The entries below contain a stretch that opens with the line containing "DARYL HALL &" and closes with the line containing "Rock bolts with expandable element"; set down that stretch exactly, both ends included, and nothing else.

===

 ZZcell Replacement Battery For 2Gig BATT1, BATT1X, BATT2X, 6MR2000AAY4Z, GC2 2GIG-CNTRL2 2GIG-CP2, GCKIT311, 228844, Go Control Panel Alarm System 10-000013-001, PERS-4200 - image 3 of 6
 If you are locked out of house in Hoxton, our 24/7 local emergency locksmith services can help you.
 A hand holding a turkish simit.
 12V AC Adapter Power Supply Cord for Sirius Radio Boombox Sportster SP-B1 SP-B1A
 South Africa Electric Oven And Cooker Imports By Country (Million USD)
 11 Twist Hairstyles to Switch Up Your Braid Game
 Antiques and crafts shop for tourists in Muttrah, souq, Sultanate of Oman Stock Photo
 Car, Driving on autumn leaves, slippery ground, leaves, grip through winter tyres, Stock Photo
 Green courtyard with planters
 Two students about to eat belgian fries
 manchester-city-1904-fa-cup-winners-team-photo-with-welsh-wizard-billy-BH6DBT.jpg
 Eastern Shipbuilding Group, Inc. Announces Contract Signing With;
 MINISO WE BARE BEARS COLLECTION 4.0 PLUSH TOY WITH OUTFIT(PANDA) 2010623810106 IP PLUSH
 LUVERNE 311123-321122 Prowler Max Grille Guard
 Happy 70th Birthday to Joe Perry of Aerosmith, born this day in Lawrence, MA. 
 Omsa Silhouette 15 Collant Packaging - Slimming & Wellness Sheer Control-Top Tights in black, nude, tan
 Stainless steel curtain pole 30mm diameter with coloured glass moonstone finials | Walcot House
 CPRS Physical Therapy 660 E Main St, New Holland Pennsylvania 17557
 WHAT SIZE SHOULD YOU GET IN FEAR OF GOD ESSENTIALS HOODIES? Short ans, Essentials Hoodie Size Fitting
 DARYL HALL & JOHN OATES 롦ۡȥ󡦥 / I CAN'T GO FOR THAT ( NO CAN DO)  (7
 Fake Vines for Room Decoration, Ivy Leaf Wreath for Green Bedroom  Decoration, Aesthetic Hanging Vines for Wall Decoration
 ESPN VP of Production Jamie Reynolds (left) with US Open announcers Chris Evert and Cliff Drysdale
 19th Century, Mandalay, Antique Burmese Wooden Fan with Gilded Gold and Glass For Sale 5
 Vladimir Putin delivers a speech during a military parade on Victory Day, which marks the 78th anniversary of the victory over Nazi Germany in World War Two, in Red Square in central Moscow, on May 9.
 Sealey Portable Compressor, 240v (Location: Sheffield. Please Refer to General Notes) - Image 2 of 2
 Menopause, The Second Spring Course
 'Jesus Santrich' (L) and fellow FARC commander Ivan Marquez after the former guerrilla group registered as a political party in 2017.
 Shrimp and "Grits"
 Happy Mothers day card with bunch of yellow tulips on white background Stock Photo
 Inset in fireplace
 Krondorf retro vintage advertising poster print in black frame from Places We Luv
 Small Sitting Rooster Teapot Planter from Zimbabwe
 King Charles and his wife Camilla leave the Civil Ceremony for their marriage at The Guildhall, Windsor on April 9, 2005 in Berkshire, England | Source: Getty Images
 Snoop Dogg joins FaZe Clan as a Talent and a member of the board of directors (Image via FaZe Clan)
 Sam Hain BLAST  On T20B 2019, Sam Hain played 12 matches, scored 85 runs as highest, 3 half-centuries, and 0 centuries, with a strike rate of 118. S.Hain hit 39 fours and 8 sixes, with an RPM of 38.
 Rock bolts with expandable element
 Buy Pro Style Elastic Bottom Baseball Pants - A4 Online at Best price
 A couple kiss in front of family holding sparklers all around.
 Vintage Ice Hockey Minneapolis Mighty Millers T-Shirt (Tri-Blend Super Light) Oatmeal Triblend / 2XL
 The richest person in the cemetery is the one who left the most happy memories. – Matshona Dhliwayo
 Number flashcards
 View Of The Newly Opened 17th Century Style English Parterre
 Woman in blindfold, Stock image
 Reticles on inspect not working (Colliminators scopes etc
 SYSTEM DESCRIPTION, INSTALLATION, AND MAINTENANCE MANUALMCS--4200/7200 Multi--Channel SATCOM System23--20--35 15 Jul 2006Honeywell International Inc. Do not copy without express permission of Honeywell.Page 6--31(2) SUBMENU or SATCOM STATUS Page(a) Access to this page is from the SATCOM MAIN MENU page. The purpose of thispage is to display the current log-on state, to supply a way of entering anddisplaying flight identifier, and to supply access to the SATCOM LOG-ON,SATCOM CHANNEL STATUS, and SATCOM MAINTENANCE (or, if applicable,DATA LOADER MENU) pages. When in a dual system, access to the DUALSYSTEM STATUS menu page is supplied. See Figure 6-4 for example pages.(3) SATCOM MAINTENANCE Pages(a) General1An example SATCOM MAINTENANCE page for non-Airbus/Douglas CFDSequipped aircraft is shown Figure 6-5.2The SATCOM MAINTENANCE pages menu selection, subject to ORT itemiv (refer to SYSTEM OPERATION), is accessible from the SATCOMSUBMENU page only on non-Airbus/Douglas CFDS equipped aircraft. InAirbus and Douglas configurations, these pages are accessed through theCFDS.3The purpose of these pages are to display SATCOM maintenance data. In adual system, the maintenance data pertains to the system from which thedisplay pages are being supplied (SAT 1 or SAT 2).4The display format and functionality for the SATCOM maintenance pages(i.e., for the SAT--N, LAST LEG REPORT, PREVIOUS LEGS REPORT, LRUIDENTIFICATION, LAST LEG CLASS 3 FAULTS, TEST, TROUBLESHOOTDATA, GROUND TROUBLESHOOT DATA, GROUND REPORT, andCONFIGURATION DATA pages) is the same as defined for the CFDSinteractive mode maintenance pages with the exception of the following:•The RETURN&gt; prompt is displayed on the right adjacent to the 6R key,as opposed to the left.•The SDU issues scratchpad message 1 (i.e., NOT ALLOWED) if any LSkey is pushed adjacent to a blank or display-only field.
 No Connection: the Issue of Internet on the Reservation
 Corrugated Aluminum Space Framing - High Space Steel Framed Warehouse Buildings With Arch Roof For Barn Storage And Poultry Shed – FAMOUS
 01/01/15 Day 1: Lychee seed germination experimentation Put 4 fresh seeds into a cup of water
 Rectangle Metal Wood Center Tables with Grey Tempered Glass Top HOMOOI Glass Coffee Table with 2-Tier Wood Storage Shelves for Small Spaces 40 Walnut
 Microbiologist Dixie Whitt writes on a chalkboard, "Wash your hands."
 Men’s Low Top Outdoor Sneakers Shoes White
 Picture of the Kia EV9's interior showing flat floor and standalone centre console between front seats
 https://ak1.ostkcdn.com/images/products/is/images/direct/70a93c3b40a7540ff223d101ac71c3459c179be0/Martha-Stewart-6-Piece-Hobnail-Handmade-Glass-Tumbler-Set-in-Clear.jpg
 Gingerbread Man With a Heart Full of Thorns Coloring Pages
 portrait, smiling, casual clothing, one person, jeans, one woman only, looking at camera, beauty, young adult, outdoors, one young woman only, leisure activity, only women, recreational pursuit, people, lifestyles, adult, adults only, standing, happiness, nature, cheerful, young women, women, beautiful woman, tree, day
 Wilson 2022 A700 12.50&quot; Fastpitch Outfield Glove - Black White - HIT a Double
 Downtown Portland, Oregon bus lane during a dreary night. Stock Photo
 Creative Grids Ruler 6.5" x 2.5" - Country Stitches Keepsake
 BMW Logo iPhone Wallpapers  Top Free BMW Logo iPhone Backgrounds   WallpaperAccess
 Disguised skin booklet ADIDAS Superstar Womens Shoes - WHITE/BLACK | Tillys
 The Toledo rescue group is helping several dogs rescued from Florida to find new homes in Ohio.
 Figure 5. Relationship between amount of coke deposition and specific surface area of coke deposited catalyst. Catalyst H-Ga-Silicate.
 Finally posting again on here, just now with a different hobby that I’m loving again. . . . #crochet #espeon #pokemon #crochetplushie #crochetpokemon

===

_Solution to this task_:
 DARYL HALL & JOHN OATES 롦ۡȥ󡦥 / I CAN'T GO FOR THAT ( NO CAN DO)  (7
 Fake Vines for Room Decoration, Ivy Leaf Wreath for Green Bedroom  Decoration, Aesthetic Hanging Vines for Wall Decoration
 ESPN VP of Production Jamie Reynolds (left) with US Open announcers Chris Evert and Cliff Drysdale
 19th Century, Mandalay, Antique Burmese Wooden Fan with Gilded Gold and Glass For Sale 5
 Vladimir Putin delivers a speech during a military parade on Victory Day, which marks the 78th anniversary of the victory over Nazi Germany in World War Two, in Red Square in central Moscow, on May 9.
 Sealey Portable Compressor, 240v (Location: Sheffield. Please Refer to General Notes) - Image 2 of 2
 Menopause, The Second Spring Course
 'Jesus Santrich' (L) and fellow FARC commander Ivan Marquez after the former guerrilla group registered as a political party in 2017.
 Shrimp and "Grits"
 Happy Mothers day card with bunch of yellow tulips on white background Stock Photo
 Inset in fireplace
 Krondorf retro vintage advertising poster print in black frame from Places We Luv
 Small Sitting Rooster Teapot Planter from Zimbabwe
 King Charles and his wife Camilla leave the Civil Ceremony for their marriage at The Guildhall, Windsor on April 9, 2005 in Berkshire, England | Source: Getty Images
 Snoop Dogg joins FaZe Clan as a Talent and a member of the board of directors (Image via FaZe Clan)
 Sam Hain BLAST  On T20B 2019, Sam Hain played 12 matches, scored 85 runs as highest, 3 half-centuries, and 0 centuries, with a strike rate of 118. S.Hain hit 39 fours and 8 sixes, with an RPM of 38.
 Rock bolts with expandable element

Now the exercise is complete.